• _What to produce_
Make an exact copy of the listing so that no picture is carried over.

• _Data excerpt_
-- Opening Marker --
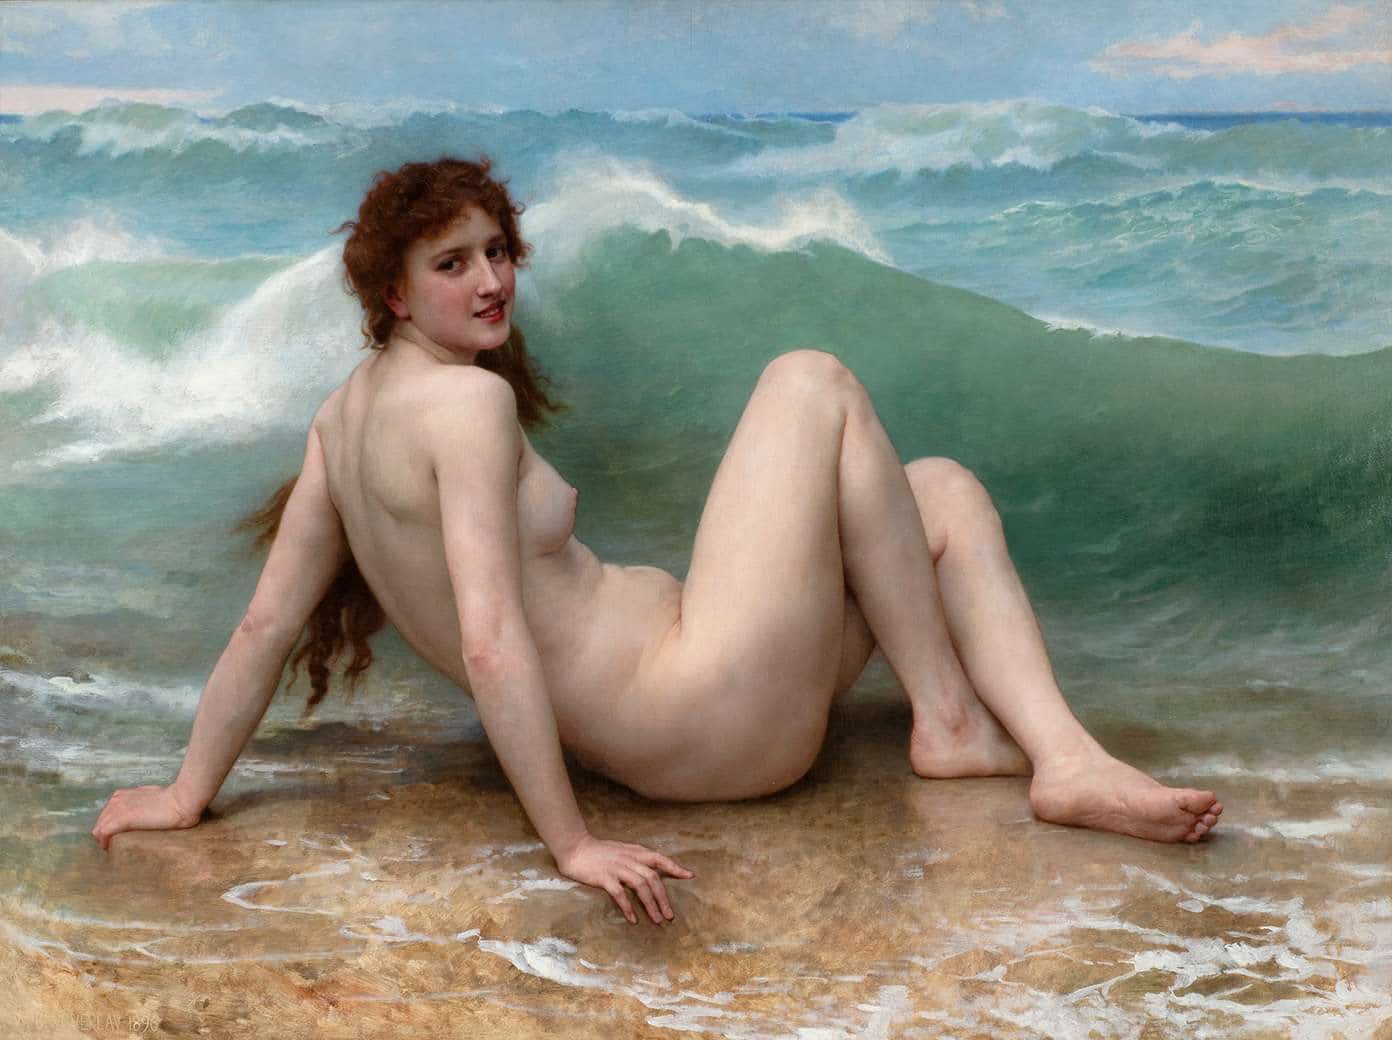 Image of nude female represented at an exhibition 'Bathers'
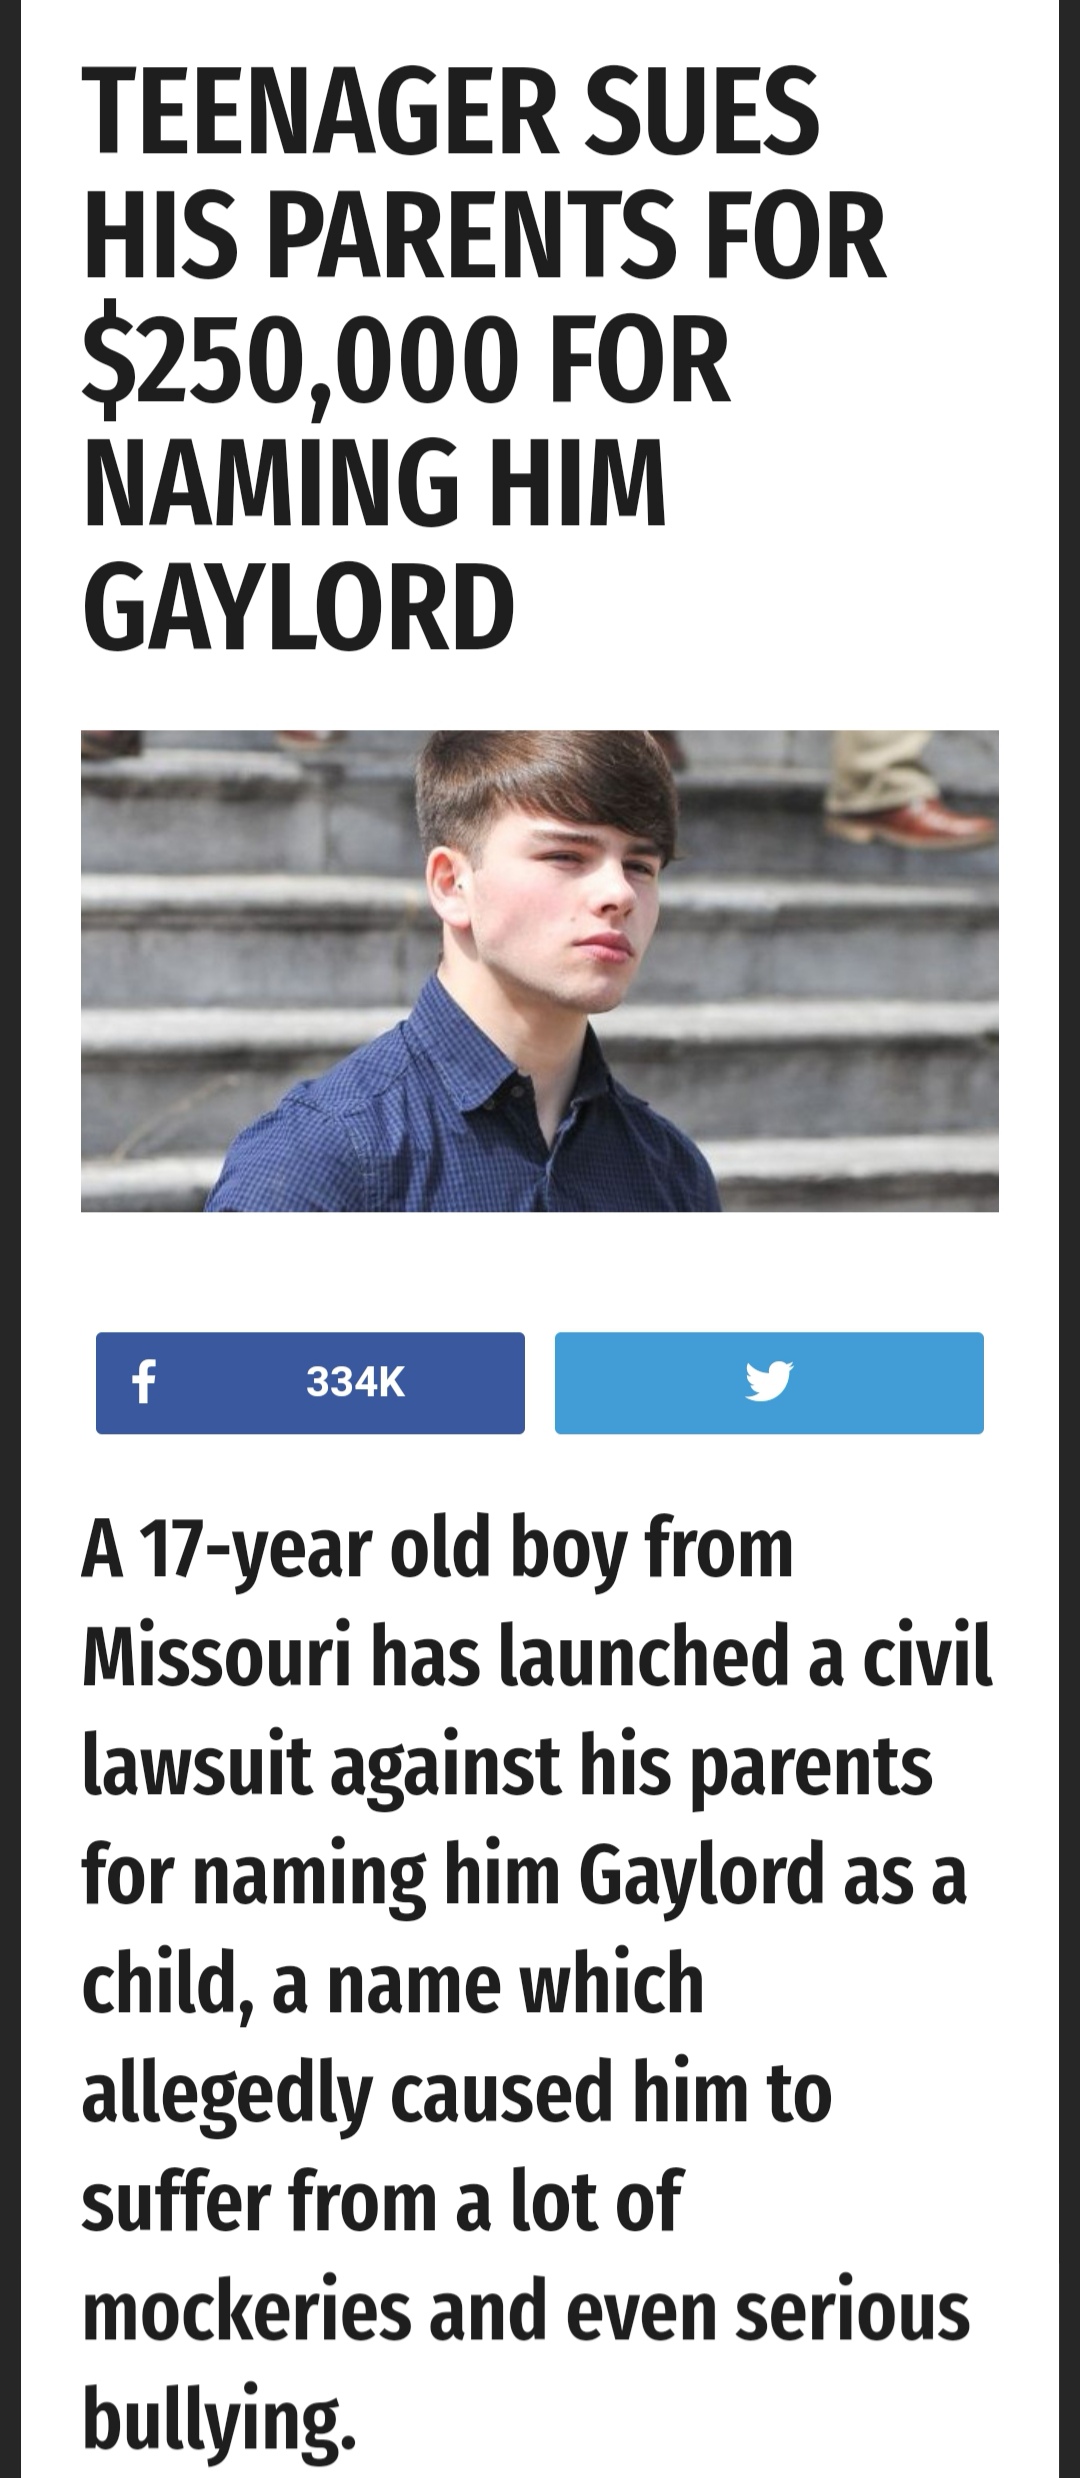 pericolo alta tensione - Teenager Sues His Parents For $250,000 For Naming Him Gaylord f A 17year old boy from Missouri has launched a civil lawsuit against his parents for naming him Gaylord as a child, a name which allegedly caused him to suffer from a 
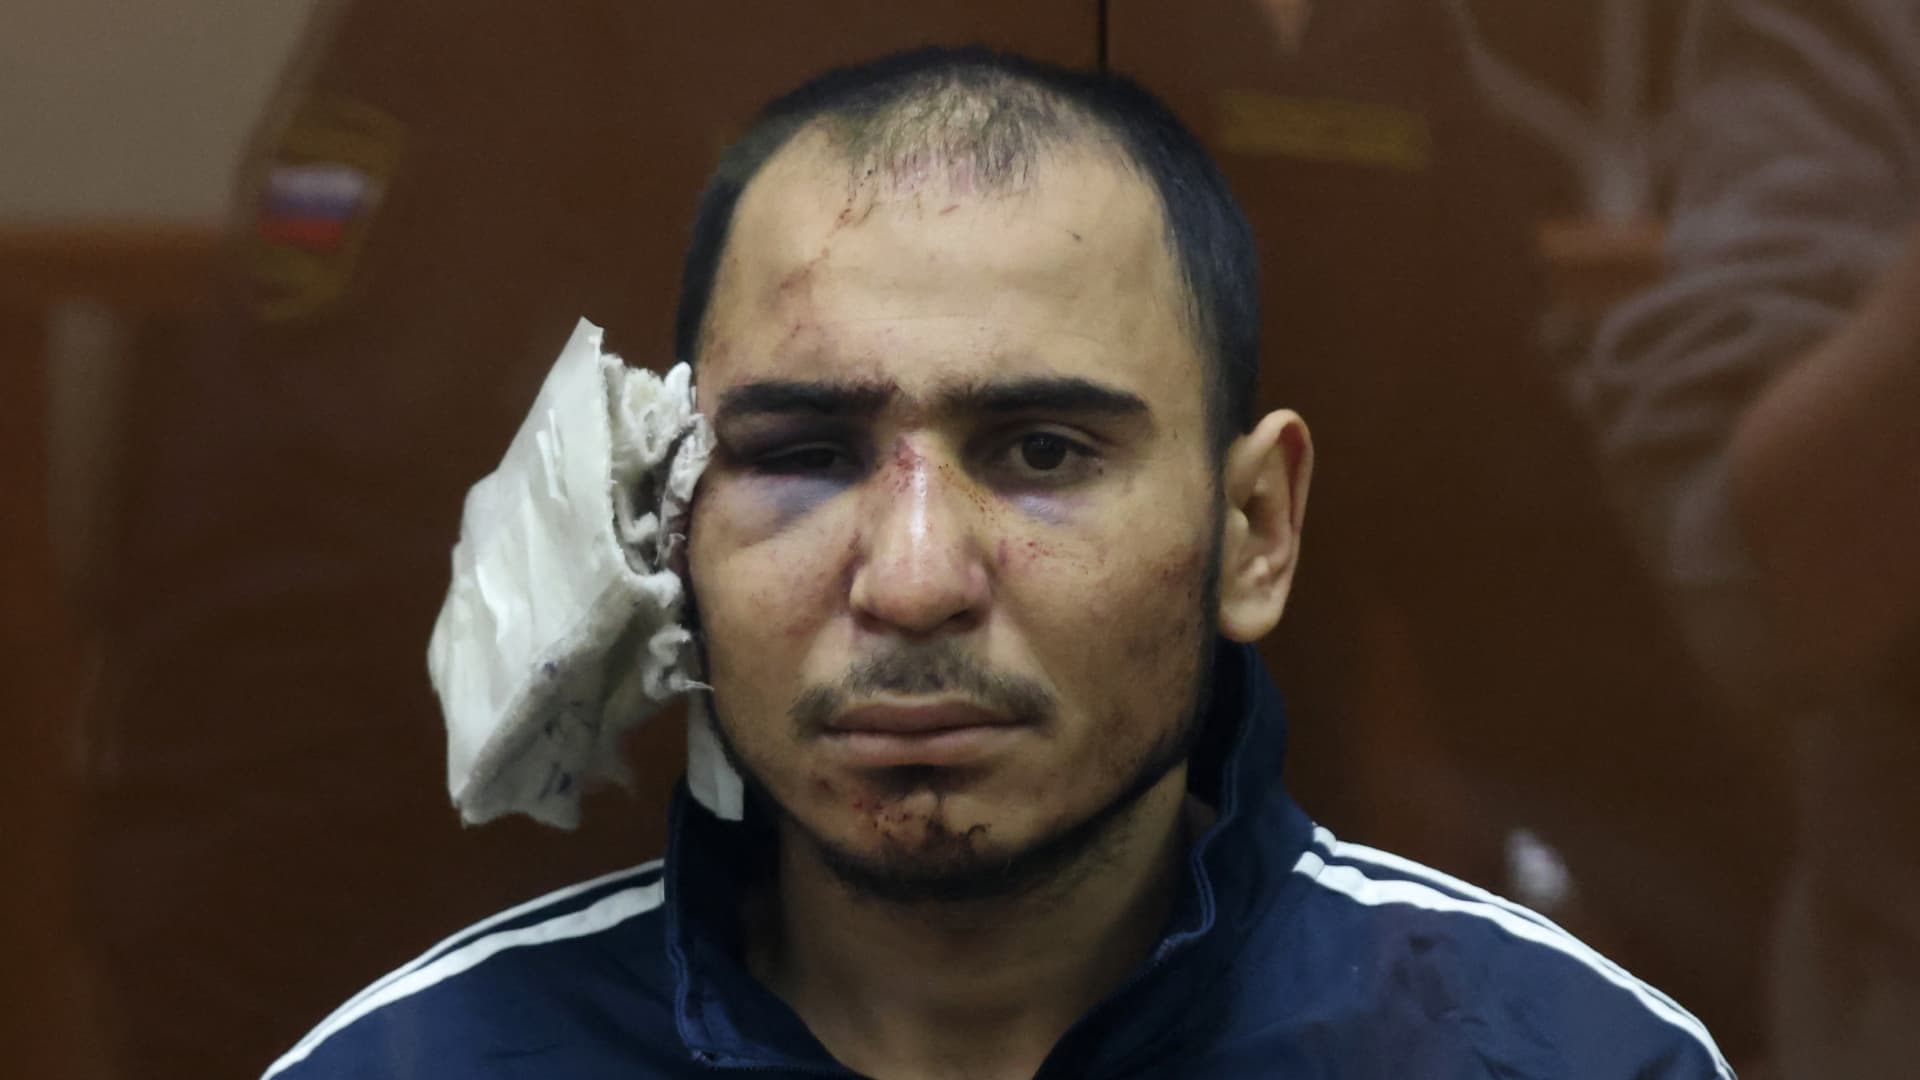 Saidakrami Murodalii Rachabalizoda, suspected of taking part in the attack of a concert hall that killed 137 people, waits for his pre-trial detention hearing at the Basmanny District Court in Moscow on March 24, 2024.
-- Closing Marker --
• _Your solution_
 Image of nude female represented at an exhibition 'Bathers'
 pericolo alta tensione - Teenager Sues His Parents For $250,000 For Naming Him Gaylord f A 17year old boy from Missouri has launched a civil lawsuit against his parents for naming him Gaylord as a child, a name which allegedly caused him to suffer from a 
 Saidakrami Murodalii Rachabalizoda, suspected of taking part in the attack of a concert hall that killed 137 people, waits for his pre-trial detention hearing at the Basmanny District Court in Moscow on March 24, 2024.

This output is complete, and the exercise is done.